The Latency Illusion: Why VoIP Delay Metrics Lead Operations Teams Astray

Michael Wallbaum

About Voipfuture

Voipfuture is a voice over IP service monitoring and analytics company, offering the only carrier-grade dual-visibility platform on the market.

Let’s face it – if you’ve ever worked with VoIP service monitoring metrics, you’ve seen it. Latency, delay, round trip time… these performance metrics pop up everywhere. From detailed RFQs to international standards like ITU-T Y.1540 defining IP packet transfer delay, G.114 covering one-way transmission time, or GSMA specifications for round-trip and one-way delay measurements – they’re omnipresent.

But here’s the thing that’s been nagging me for quite a while: why is everyone so obsessed with data that is fundamentally problematic to measure accurately? Every time I see these requirements cross my desk, I can’t help but wonder if we’re all chasing the wrong indicators.

In this article, we’re going to challenge conventional wisdom and explain why some commonly requested metrics might be leading your operations team down a rabbit hole of misleading data.

You’ll discover: Why accurate latency measurement is practically impossible in real-world networks; How focusing on delay metrics can lead operations teams down the wrong path; What actually impacts user experience in voice communications; Which metrics you should monitor instead to effectively improve voice quality

The Latency Labyrinth: What Are We Actually Measuring?
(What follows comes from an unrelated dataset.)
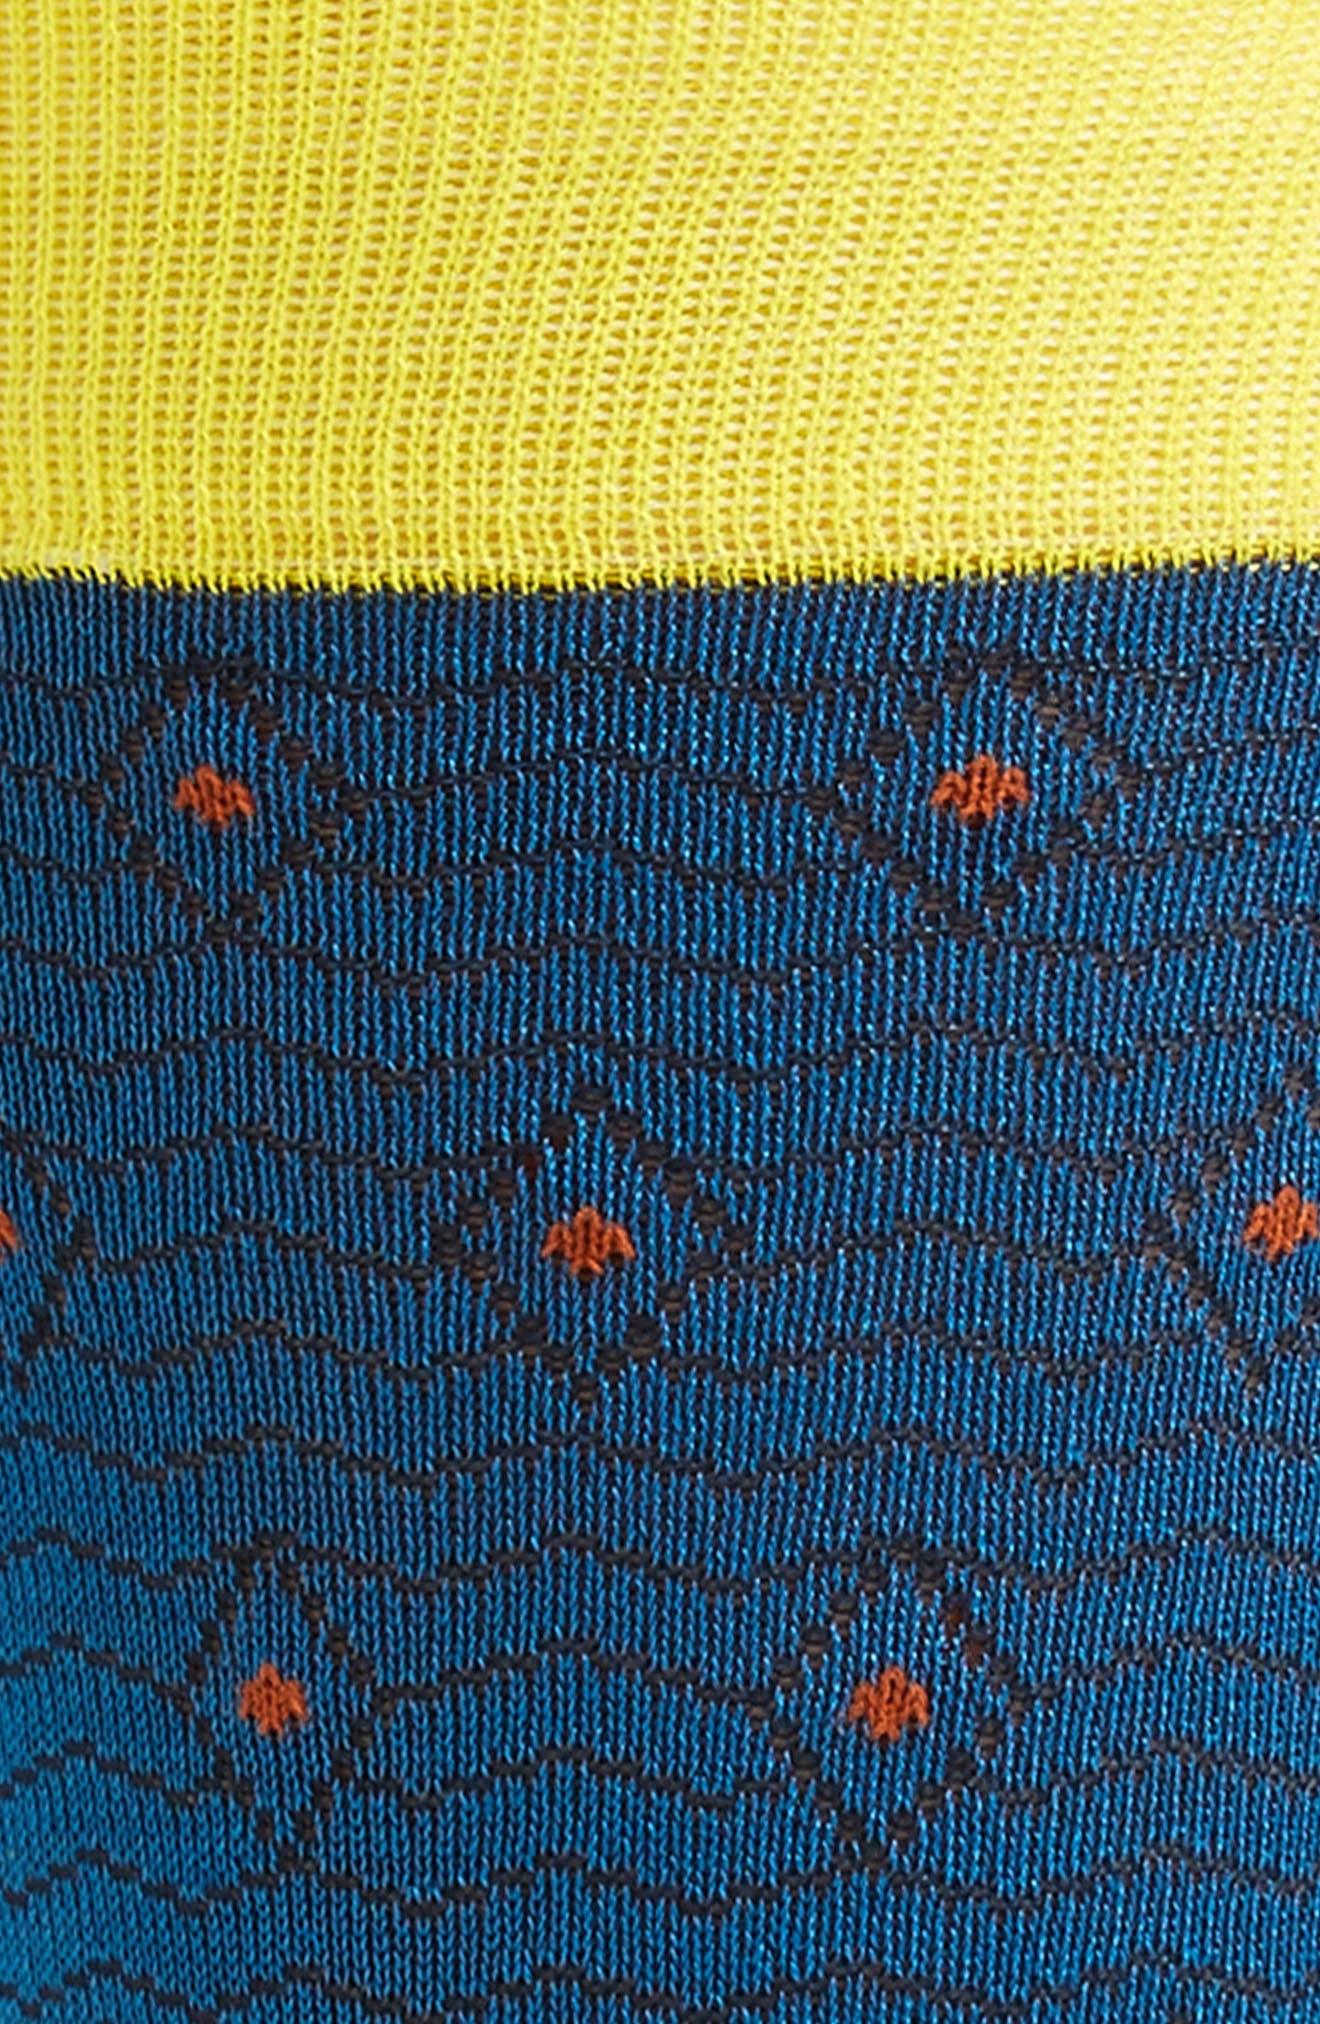 Reveaux Geometric Socks,                             Alternate thumbnail 2, color,                             402
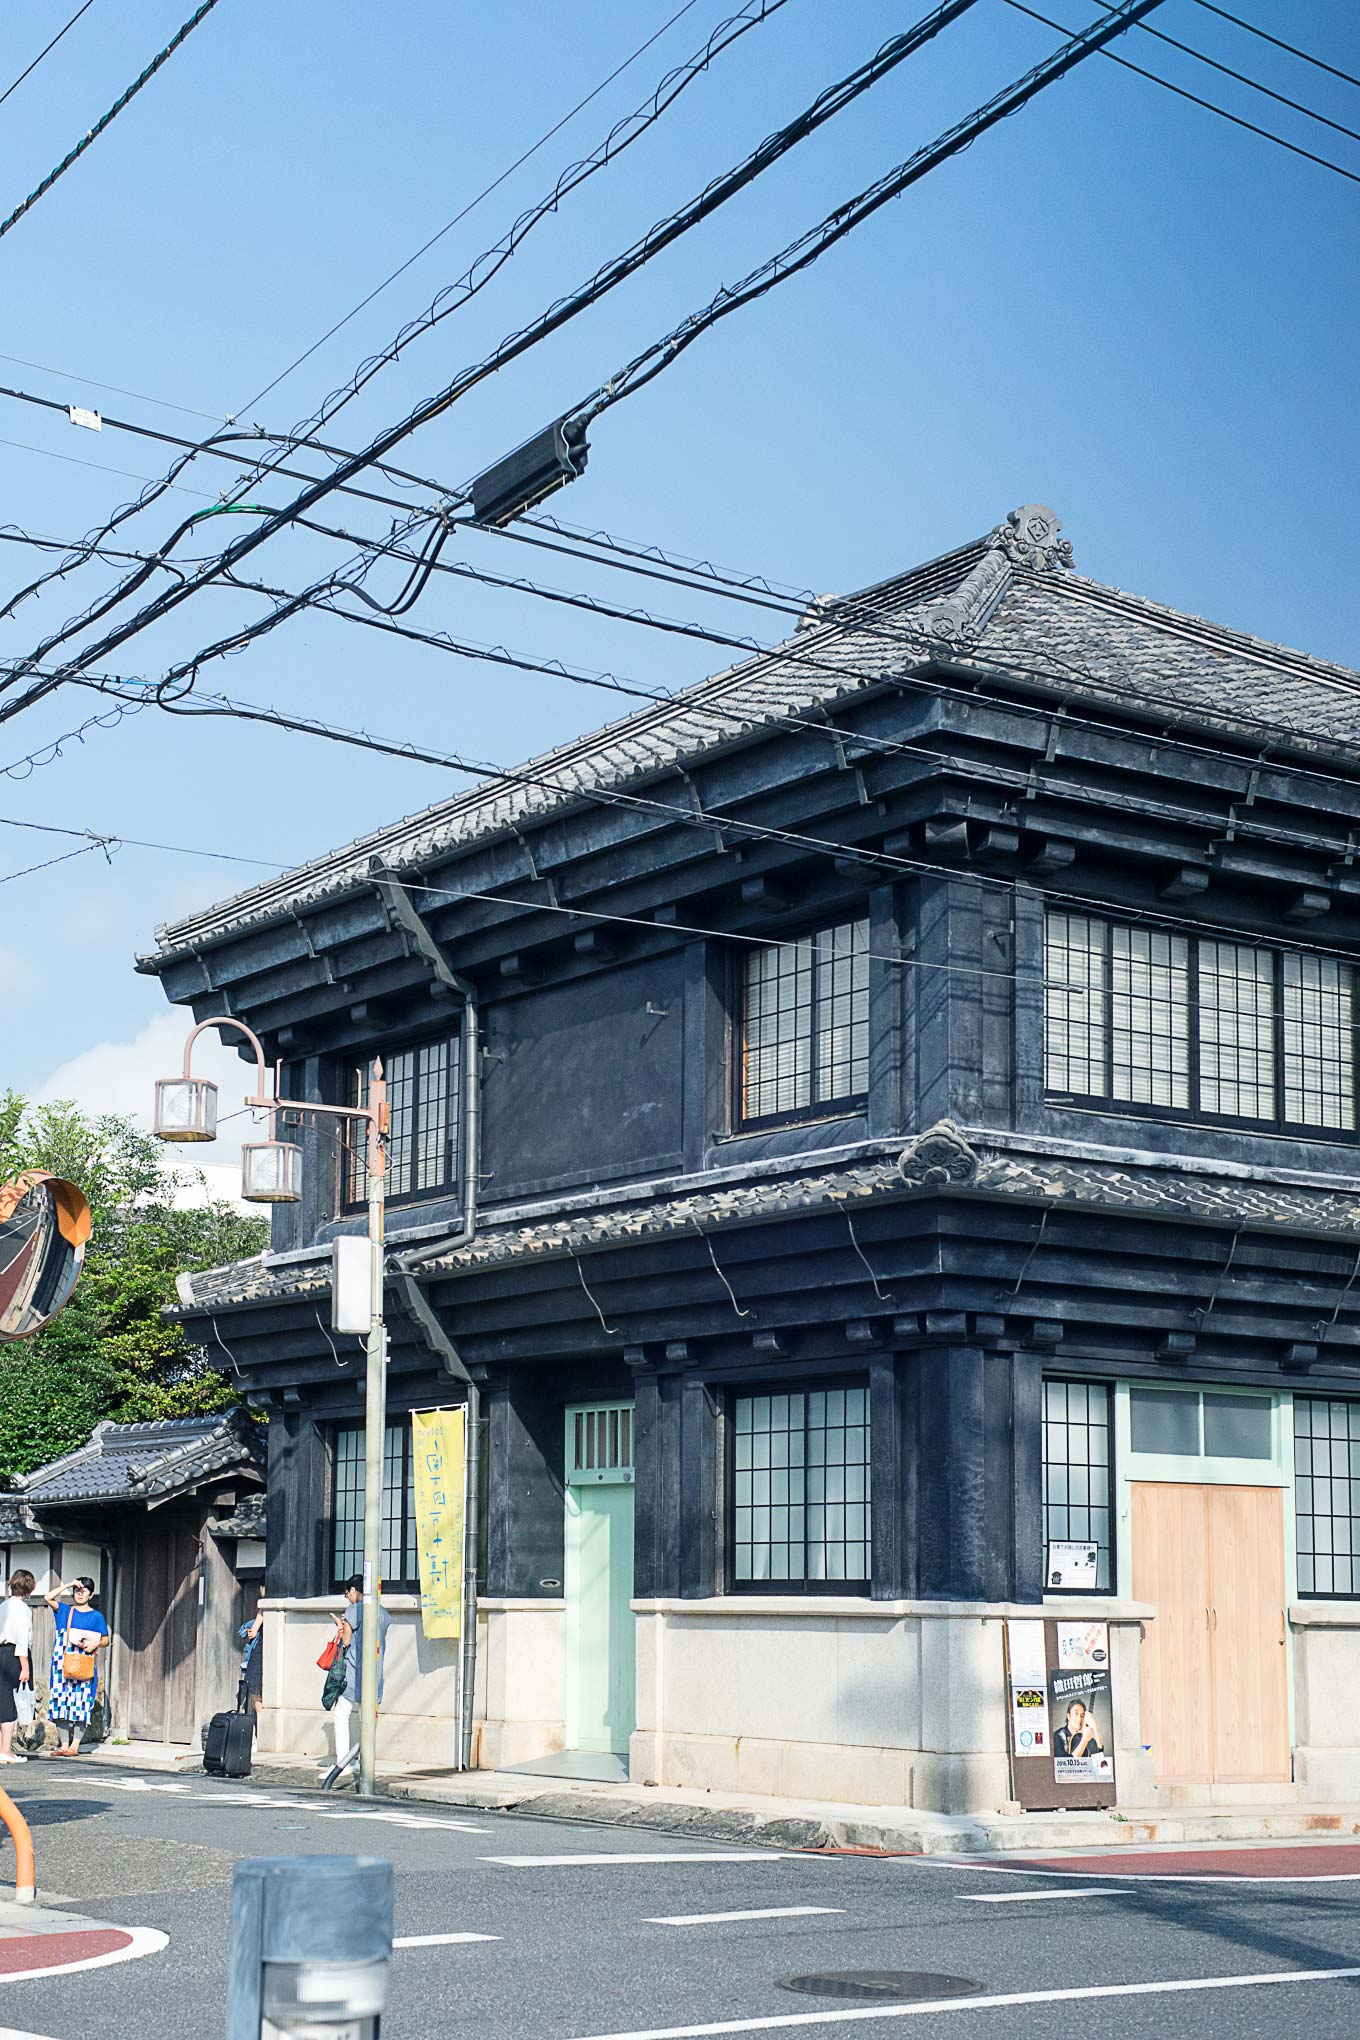 shikoku-jyoshikai-128

Before we dive into why latency metrics might be pointless, let’s clarify what we’re talking about. According to Wikipedia, latency is “a time delay between the cause and the effect of some physical change in the system being observed.” Pretty broad, right?

In networking terms, it’s essentially the time it takes for a packet to travel from point A to point B. You send a packet from one end, and it eventually pops out on the other. The time difference between those events is what we’re measuring.

But wait – is latency different from delay? This question sent me down a rabbit hole, and honestly, I’m still not entirely convinced there’s a clear distinction. ChatGPT says “latency is a specific type of delay that refers to the time it takes for data to travel through the network.” Thanks for clearing that up (not really).

Perhaps more authoritatively, ITU-T G.104 provides guidance on “the effect of end-to-end one-way delay (sometimes termed latency).” So while there’s a tendency to use “latency” specifically for one-way network delay as opposed to round-trip metrics, for simplicity’s sake, we’ll treat “delay” and “latency” as synonyms throughout this article.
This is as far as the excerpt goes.